Village in Somerset, England

Burtle is a village and civil parish on the Somerset Levels in Somerset, England.

==History==

Burtle Priory (also known as Burtle Moor Priory) originated as a hermitage on a site called Sprauellissmede, endowed by William son of Godfrey of Eddington in 1199. It was later known as St Stephens chapel and by 1312 a house of the Augustinian Canons Regular.
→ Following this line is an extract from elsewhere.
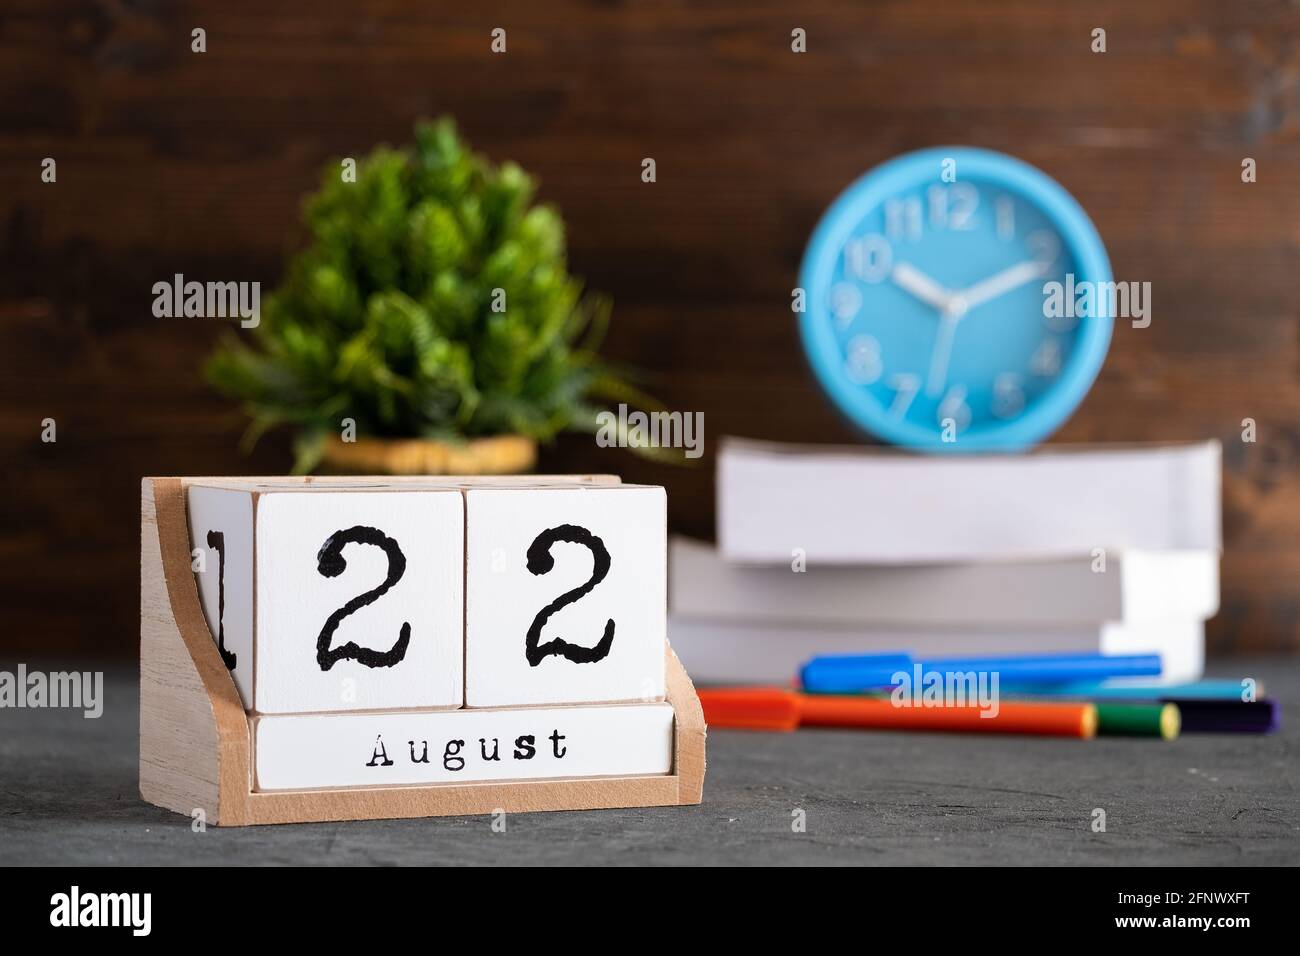 22 août. Août 22 calendrier cube en bois avec des objets flous sur fond. Banque D'Images

It is close to the village of Edington and between them was Edington Burtle station on a branch of the Somerset and Dorset Joint Railway, which opened in 1890 and closed on 7 March 1966.

==Governance==

The parish council has responsibility for local issues, including setting an annual precept (local rate) to cover the council's operating costs and producing annual accounts for public scrutiny. The parish council evaluates local planning applications and works with the local police, district council officers, and neighbourhood watch groups on matters of crime, security, and traffic. The parish council's role also includes initiating projects for the maintenance and repair of parish facilities, as well as consulting with the district council on the maintenance, repair, and improvement of highways, drainage, footpaths, public transport, and street cleaning. Conservation matters (including trees and listed buildings) and environmental issues are also the responsibility of the council.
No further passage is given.